> What you have to do
Return all the data verbatim but without images.

Start of Raw data

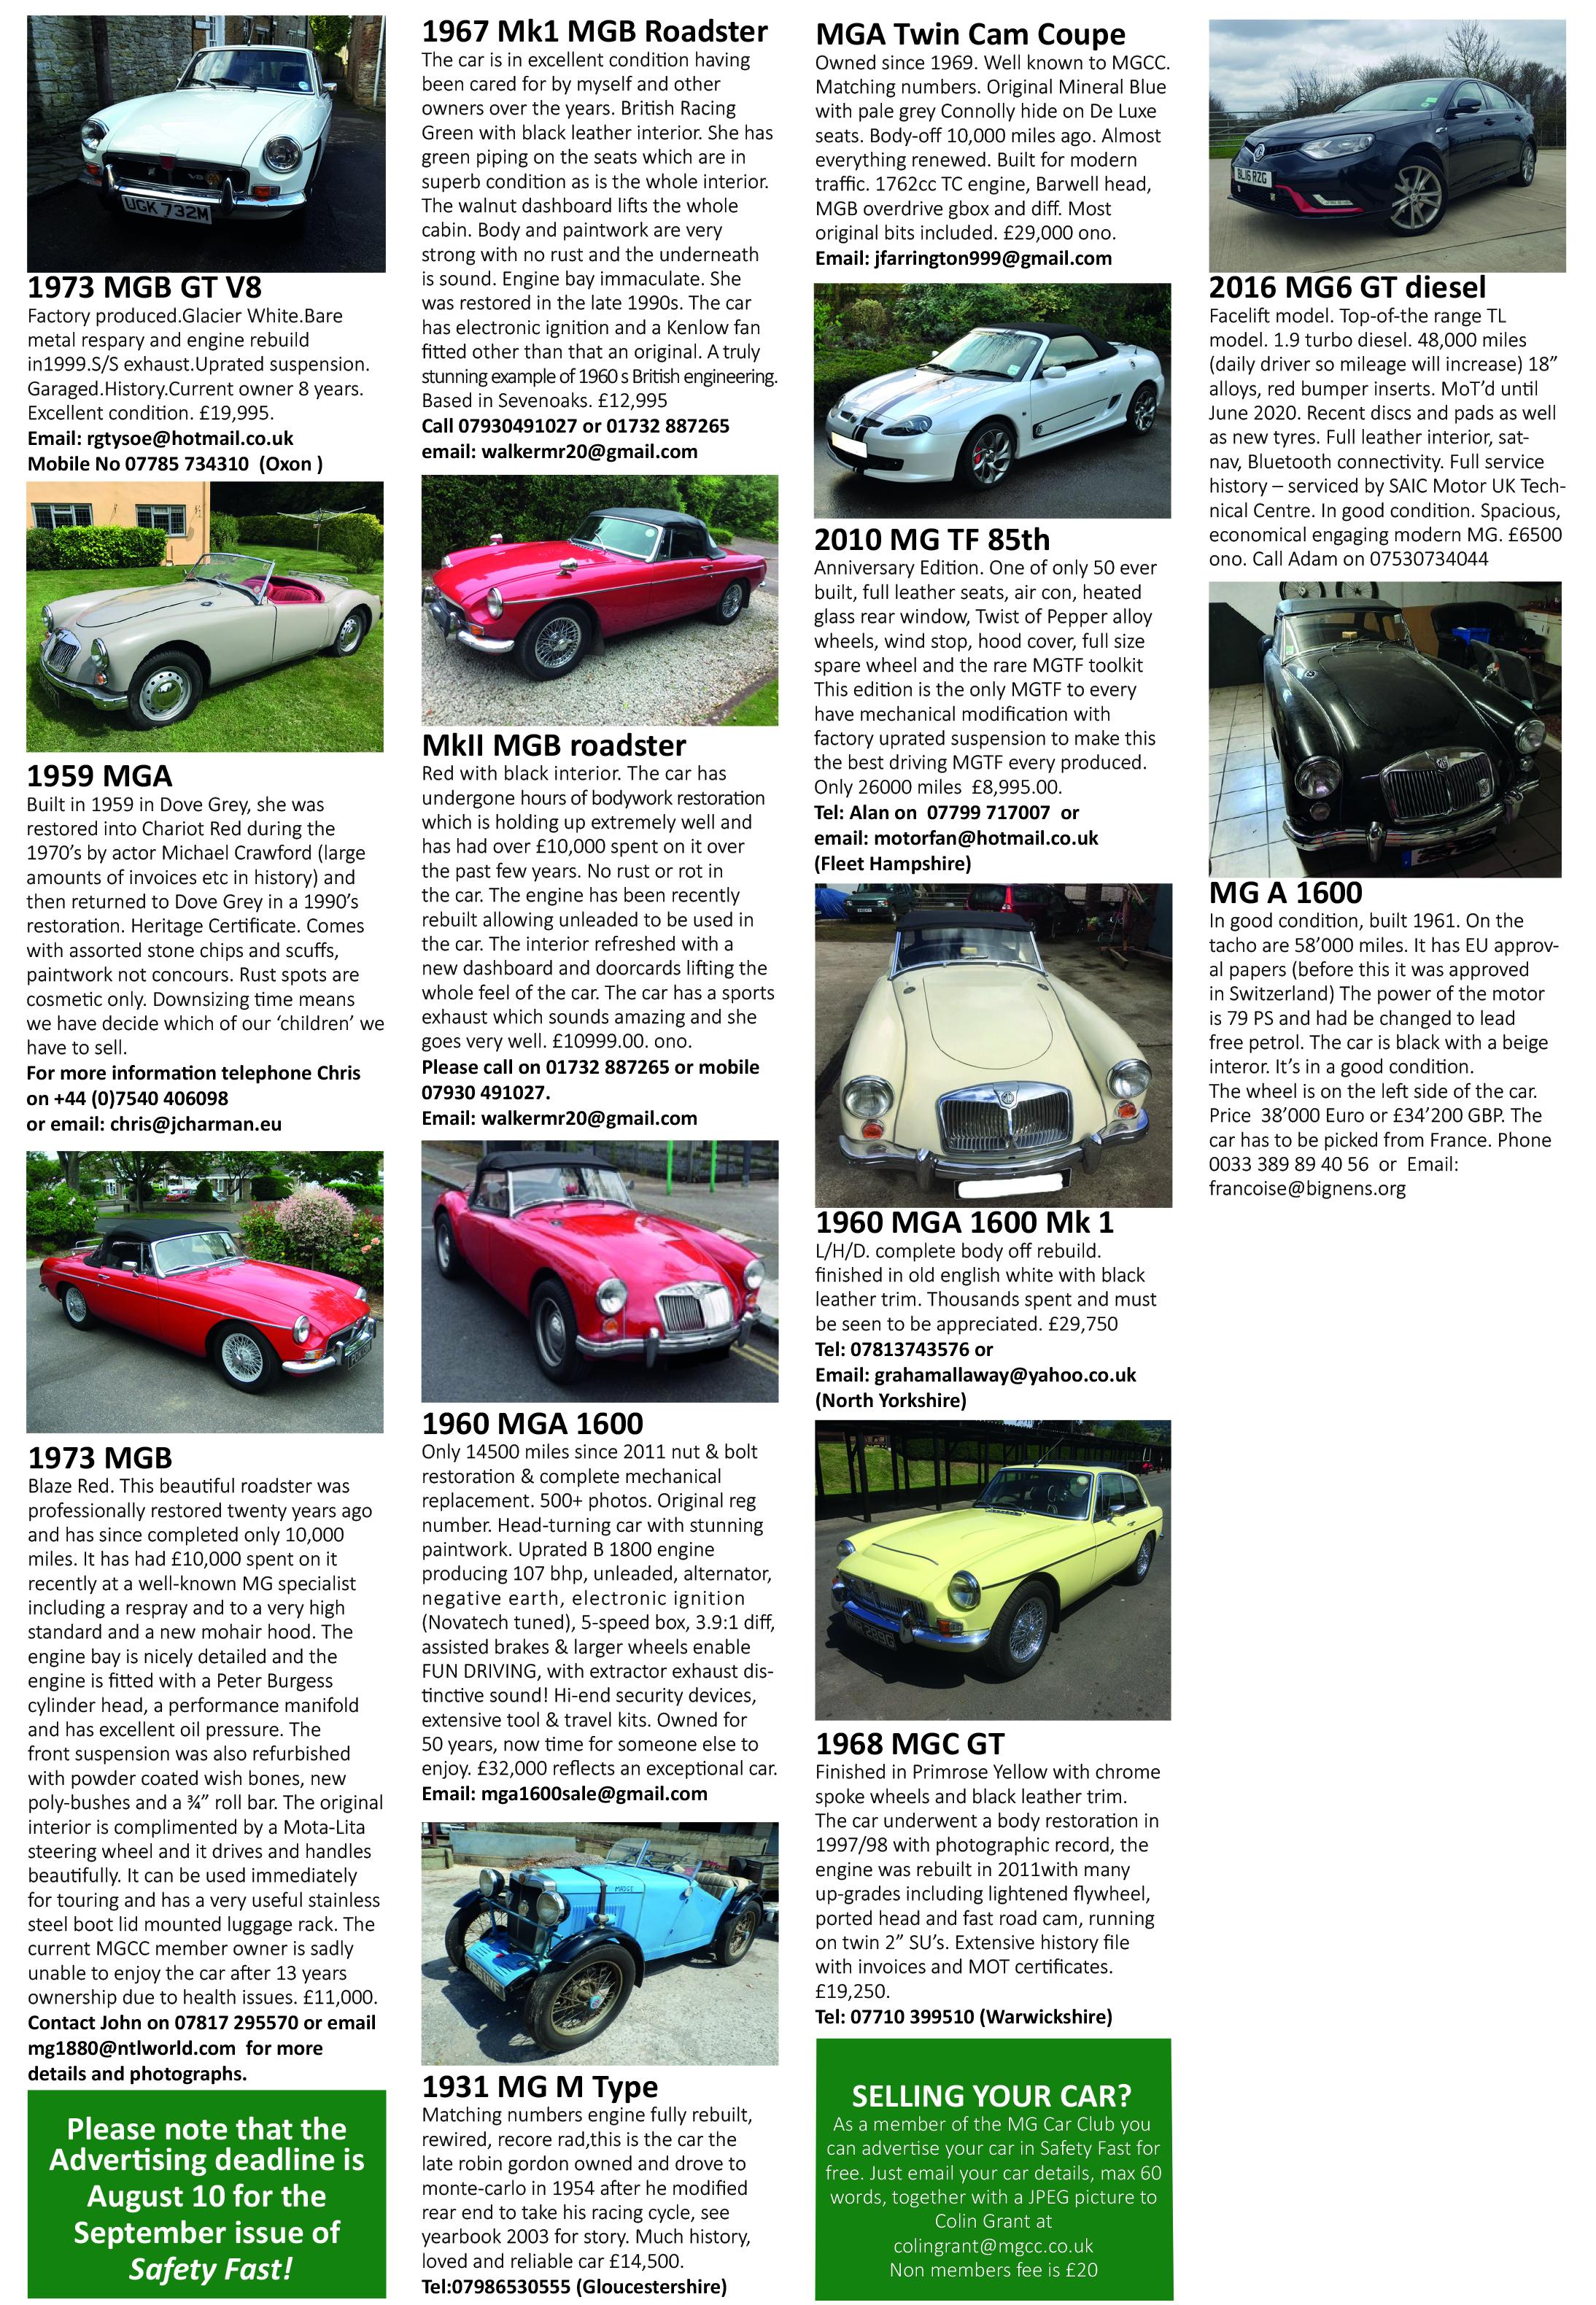 Cars For Sale Mg Car Club
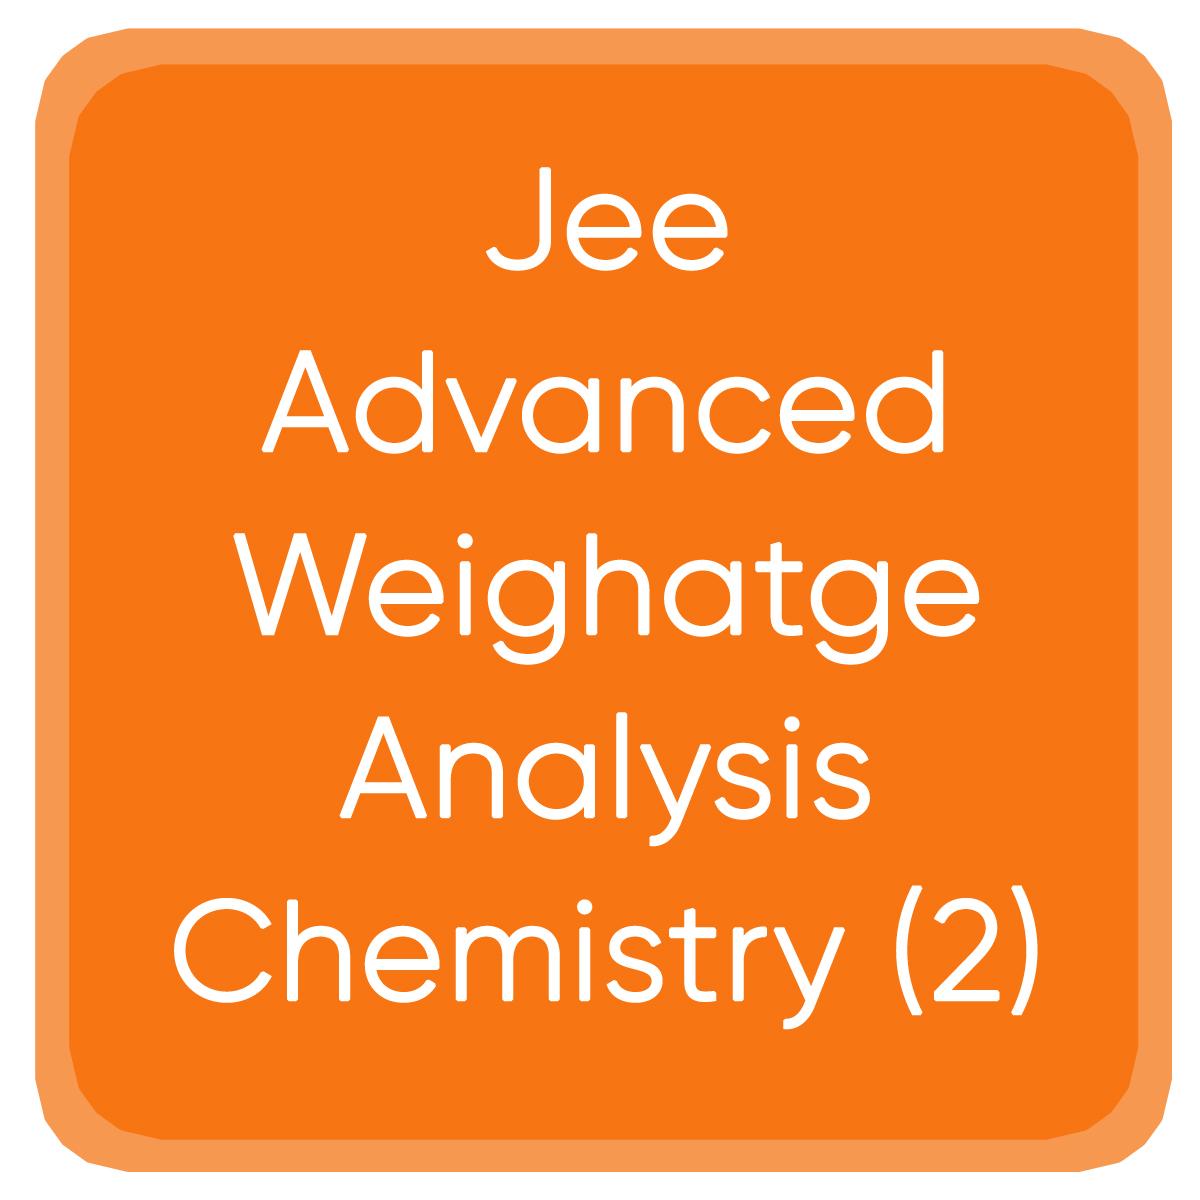 Jee Advanced Weighatge Analysis Chemistry (2)
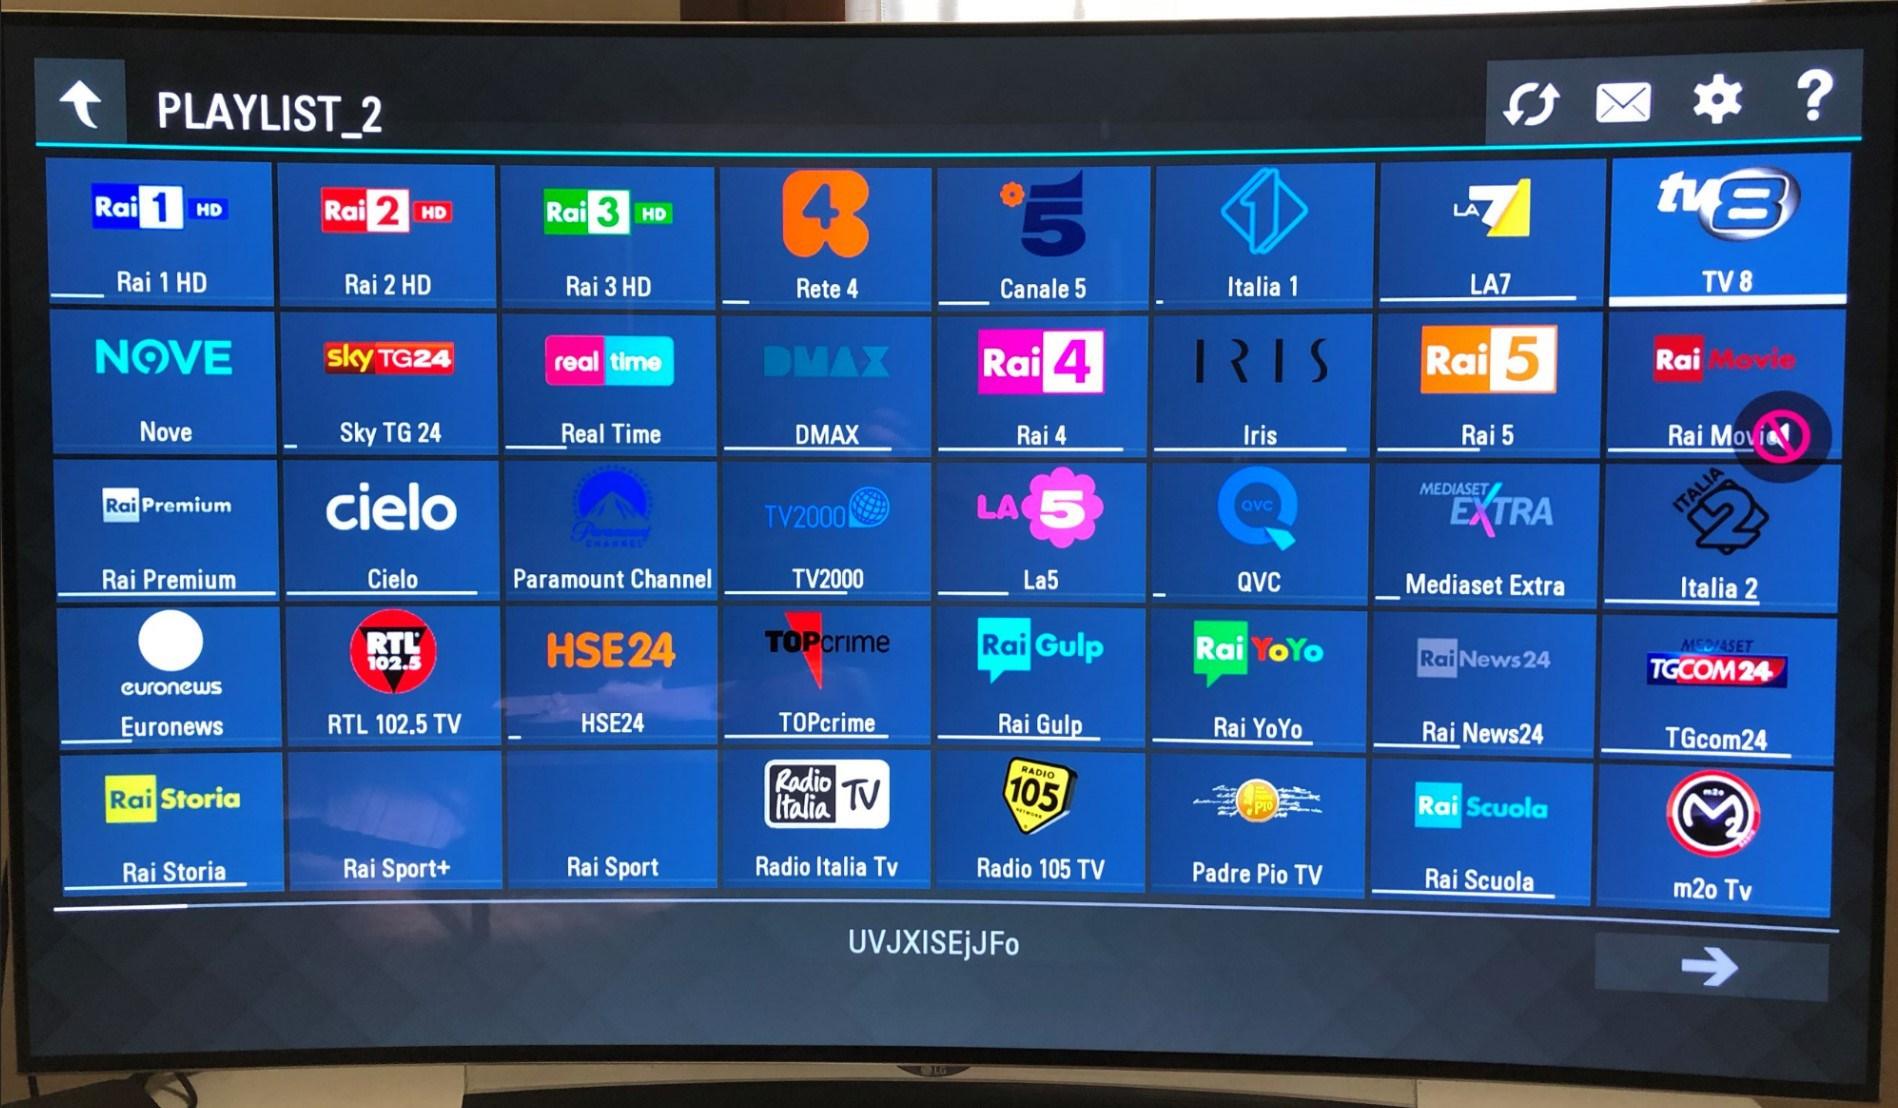 Come vedere IPTV sul PC (Windows/macOS/Linux)
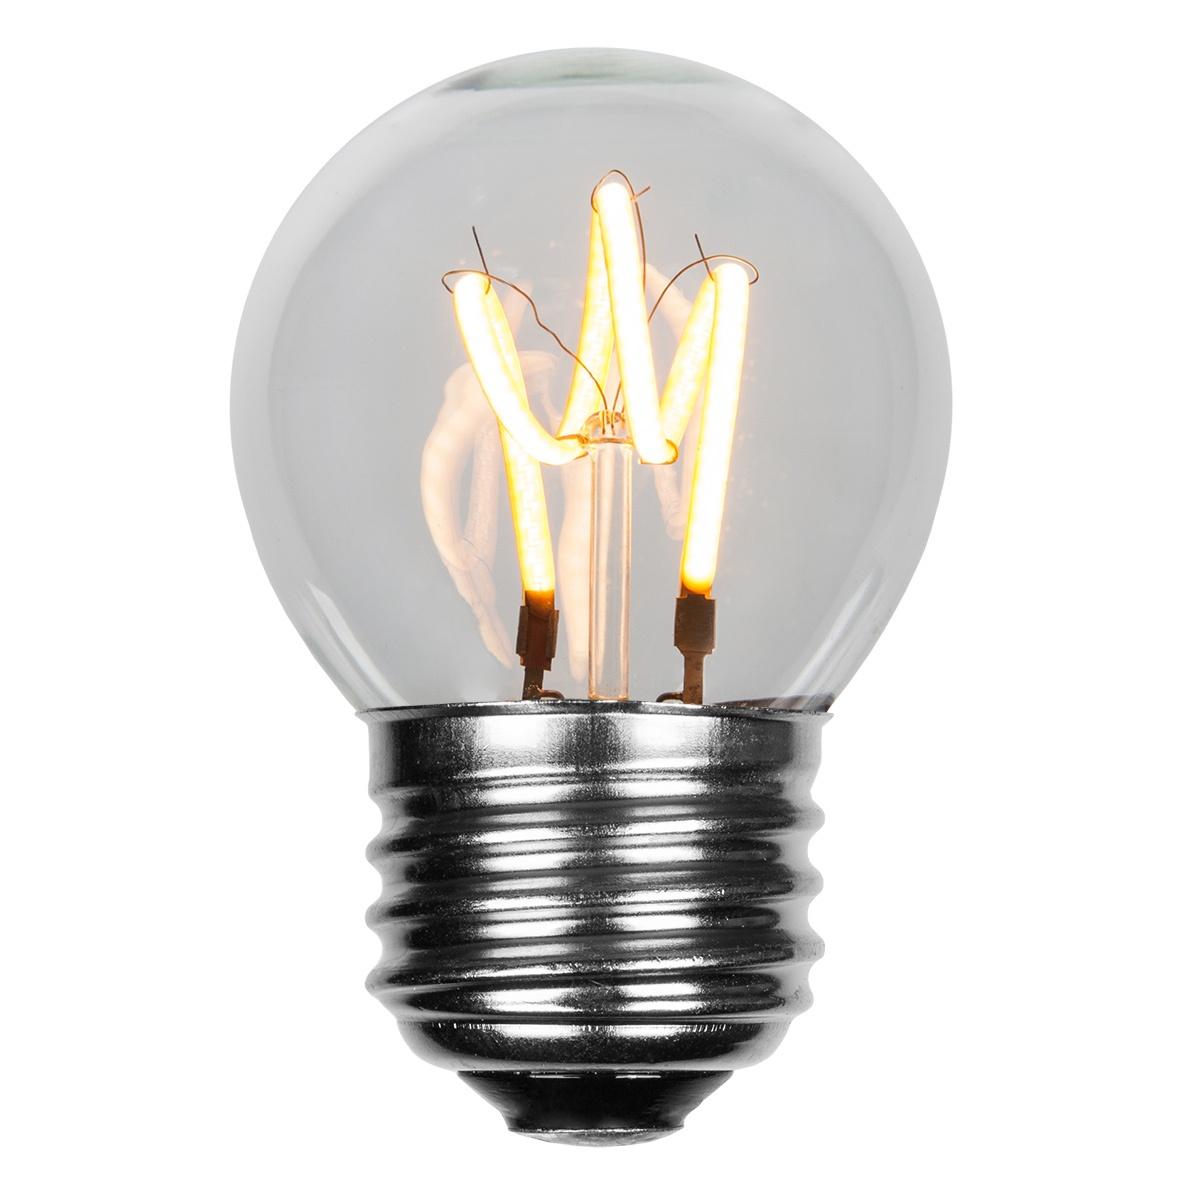 G45 Warm White Led Globe Light Bulbs

End of Raw data

> Exercise result
 Cars For Sale Mg Car Club
 Jee Advanced Weighatge Analysis Chemistry (2)
 Come vedere IPTV sul PC (Windows/macOS/Linux)
 G45 Warm White Led Globe Light Bulbs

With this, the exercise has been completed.